Recovery Mode

Typically, when that week between Christmas and New Year’s Eve rolls around, I get really nostalgic for the year that has past. I contemplate the things that have happened in the last year to get me to the point I’m at now, and I wonder about what the future holds.

But frankly, I’m so over 2016. I don’t want to think about it, ruminate on it, consider all of the ways it has changed me, shaped me, molded me. Because, frankly, it kind of sucked.

Yes, I got married to a wonderful man in 2016. On Thanksgiving, I wrote a post about all of the things I was thankful for in 2016, and there are a few of them. But there were also a lot of really sucky things that happened that I’d rather just move on from… which is a tad impossible when you’re still living in a construction zone.

So moving forward to 2017…

I’ll be honest. I am terrible at New Year’s Resolutions. (I mean… everyone is, right? It’s kind of a cliché at this point for me to say I’m terrible at them, but here I am… saying I’m terrible at them.) I get these big lofty dreams in my head: I’m going to exercise more! I’m going to eat right! I’m going to finally commit to doing all the DIY projects on my Pinterest board! And then January hits me full force — we go back to school, I fall back into my routine of not doing anything but binge watching Netflix, eating popcorn, and reading books. Whomp whomp.

So, in 2014, I decided to ditch the conventional New Year’s Resolution that I could never quite stick to and, instead, chose a word to define my year. In 2014, my word was pursue. In 2015, my word was persist. In 2016, I was obviously so overwhelmed with cheerleading and my first year of teaching that I just didn’t choose a word. Looking back, 2016 should probably have been plan (a wedding, a rebuilding of your home, ahead for the future… etc.)

After snooping around on the Internet (and getting lost amid a few too many cooking tutorial videos and cats wearing hats), I’ve decided that my word of the year will be…

Recover.

2016 was a harrowing year, and I did a pretty terrible job at self-care. I avoided confronting my problems and facing my emotions, and I took it out on my poor husband one too many times.

So, for the first part of the year, I will focus on recovering from the past year. On OneWord365‘s blog, they write, “recovery means recognizing the problem for what it is and being willing to change your life,” and that really spoke to me. I shouldn’t only be realizing that I have problems, but I should be willing to do something to overcome those issues.

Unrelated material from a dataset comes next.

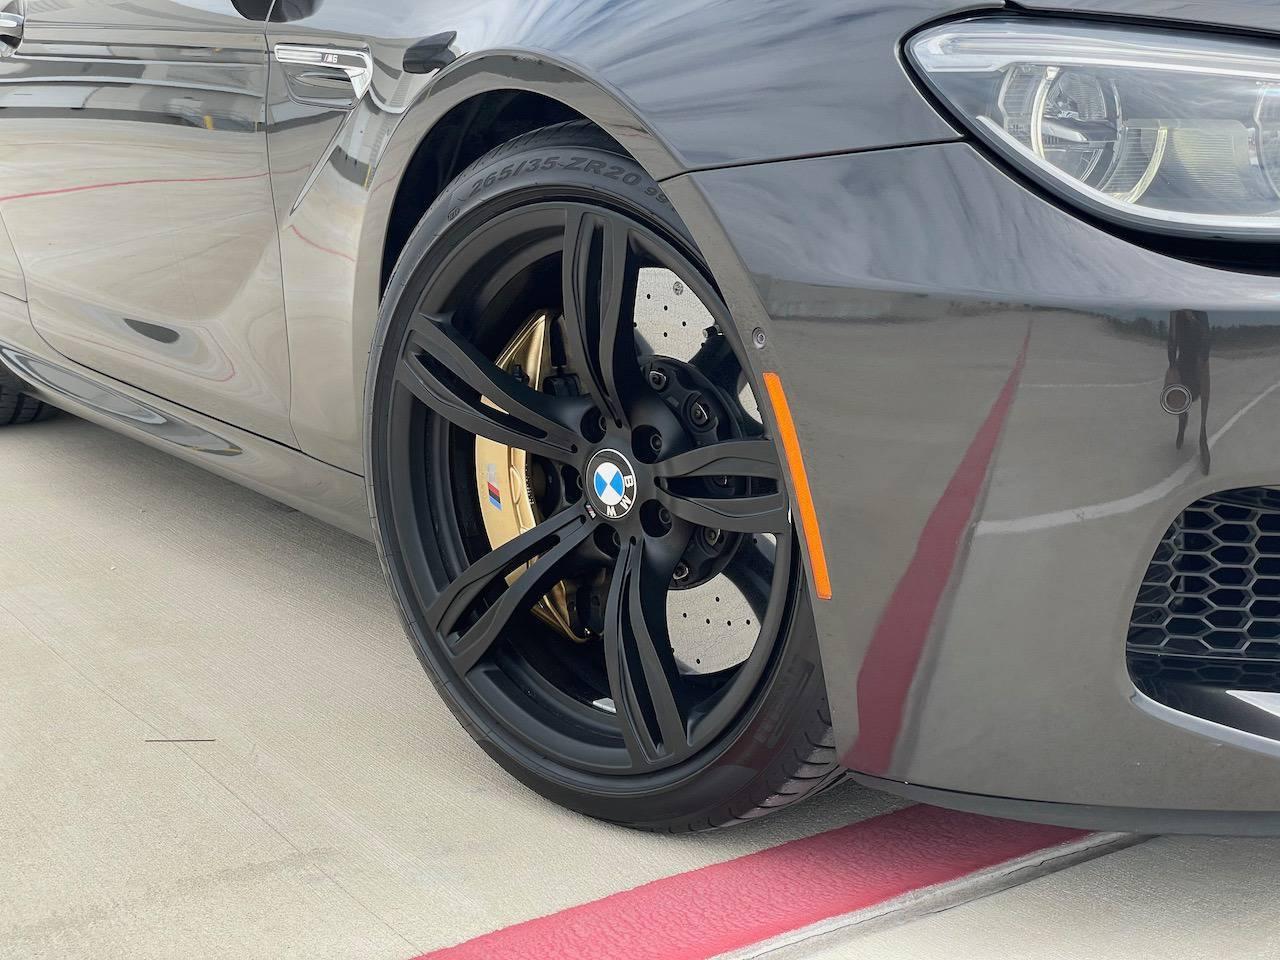 2017 BMW M6 Carbon Ceramic brakes

So, I have resolved to take better care of myself. Not so much your typical work out-eat healthy-cut junk food (because, let’s be honest about who I am as a person…), but generally be more focused on my mental health. Write more. See a therapist. Stay organized (for my sanity). Keep on top of my schoolwork. Throw myself back into my students and let them heal me. Go run with my puppy. Take time for myself. Say no to things. Say yes to things I might normally say no to. Be a better friend to my friends.

I need to get back to where I was in the past and where I should be going in the future. Winter is always challenging for me, and living in a house that is still under construction is hard on my psyche. Accepting that things are difficult and vowing to help myself adapt to these changes will help in my recovery process.

Hopefully, come June 2017, I’ll be revising this word to something more forceful and optimistic, but for now, this word felt right.